R² Values for GPA by Group | ||
---|---|---|
Grouping Variable | Group | R² |
Pell | Pell | 0.015 |
Pell | Non-Pell | 0.026 |
Generation | First Generation | 0.006 |
Generation | Later Generation | 0.002 |
Gender | Female | 0.022 |
Gender | Male | 0.009 |
The R2 values were generally low across all groups, with the highest R2 being observed among non-Pell students (R² = 0.026
), followed by female students (R² = 0.022
). This suggests that while these beliefs may play some role in GPA, they do not explain much of the variance on their own. Although growth mindset, STEM identity, and meritocratic beliefs may be part of the story, there are likely other academic or other factors contributing more strongly to students’ GPA.
5 Discussion
5.1 Summary of findings
We tested whether Pell eligibility, gender, or generational status changed the strength of the paths from meritocratic beliefs, STEM identity, and growth mindset to GPA. Chi‑square difference tests indicated no significant differences for Pell eligibility, gender, or generational status, however, the Pell grouping had a p-value of p = 0.109
which may warrant further testing with larger samples. Other subgroup patterns also emerged:
Within female students, growth mindset was the only statistically significant (p = 0.034
) predictor of GPA (β = 0.184
). For non-Pell students, although not quite statistically significant (p = 0.095
), higher meritocratic beliefs predicted lower GPA (β = -0.137
). All other predictors had a p-value greater than 0.1, and thus were not significant
5.2 Limitations
Several factors should be considered when interpreting these findings. Firstly, the survey was conducted at a single Hispanic-Serving Institution, which limits generalizability. Also, since all the data was self-reported it may not be entirely accurate. Important key factors such as employment status or course load were not included which could have a significant effect on GPA. Finally, the cross-sectional design prevents causal claims; it is unclear whether beliefs influence GPA, or whether prior academic performance shapes beliefs.
5.3 Implications
The results suggest that interventions aimed solely at shifting students’ beliefs may not lead to immediate improvements in GPA without complementary academic and structural supports. Efforts to strengthen growth mindset or STEM identity could be paired with concrete resources (tutoring, mentoring, structured study environments, etc.) to translate beliefs into sustained academic gains. Given the positive association between growth mindset and GPA among female students, gender-specific strategies might be worth exploring, though the small effect sizes caution against overgeneralization.
5.4 Future Research
Future work could track students longitudinally to see whether these constructs predict retention, course completion, or GPA over multiple terms. Including additional predictors, such as academic preparedness, faculty support, and campus engagement, may yield a fuller picture of what drives STEM achievement in community college settings. Replicating the analysis across multiple two-year institutions would also help assess whether the observed patterns are consistent in other contexts.
6 Conclusion
The central question asked whether background characteristics moderate the GPA relationships.

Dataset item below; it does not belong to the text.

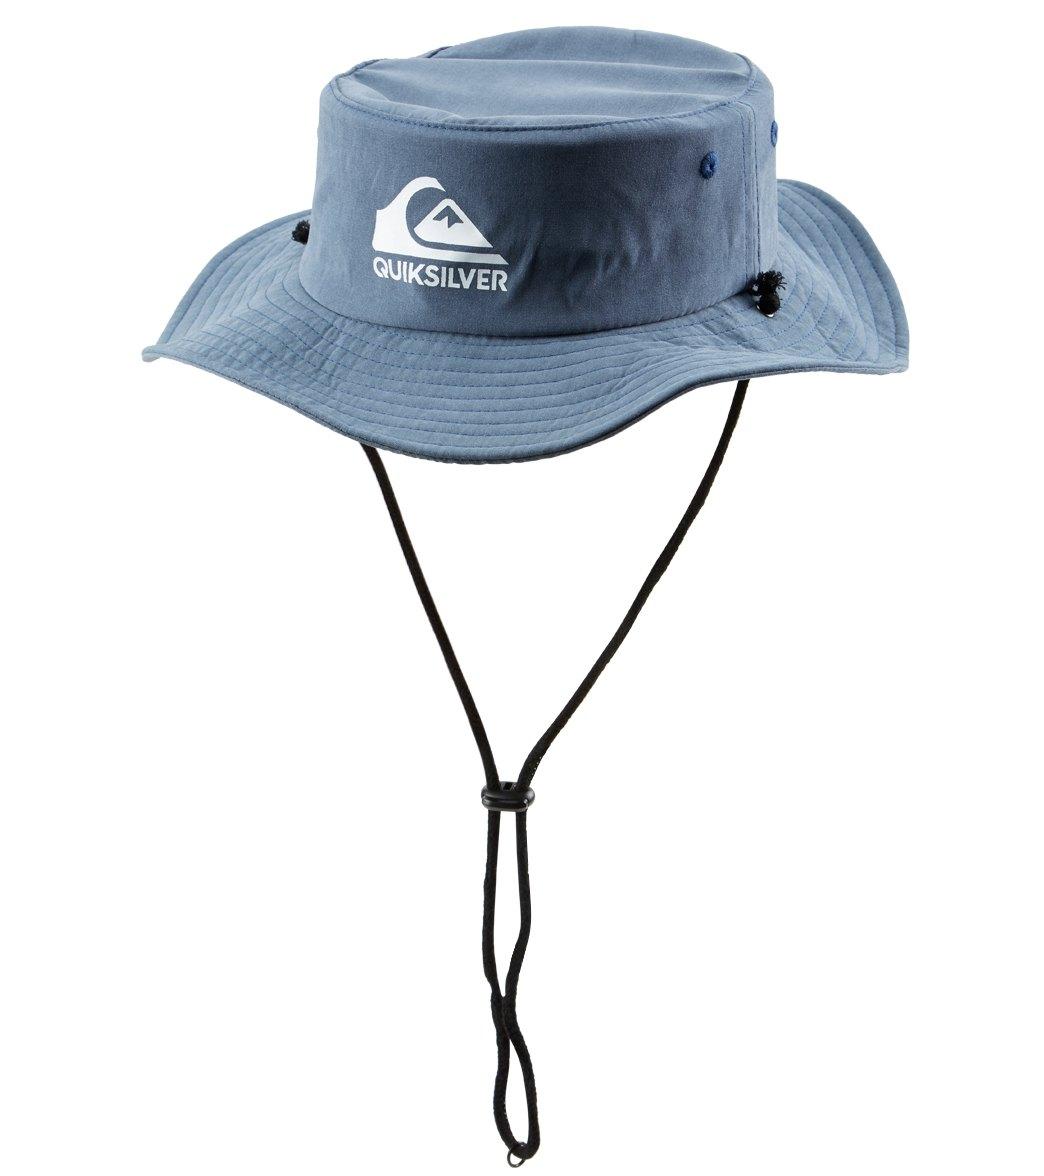 21f4e430bbab7 Quiksilver Boys  Gelly 4 Microfiber bucket Cap (Little Kid) at ...

Statistically, they did not. Descriptively, non‑Pell students with stronger meritocratic beliefs tended to have slightly lower GPA, and female students with stronger growth mindset tended to have slightly higher GPA. While female students with higher growth mindset scores showed slightly better GPAs, overall the models explained little of the variance in academic performance. These results highlight the complexity of predicting GPA from psychosocial measures alone and suggest that structural, academic, and behavioral factors likely play a larger role.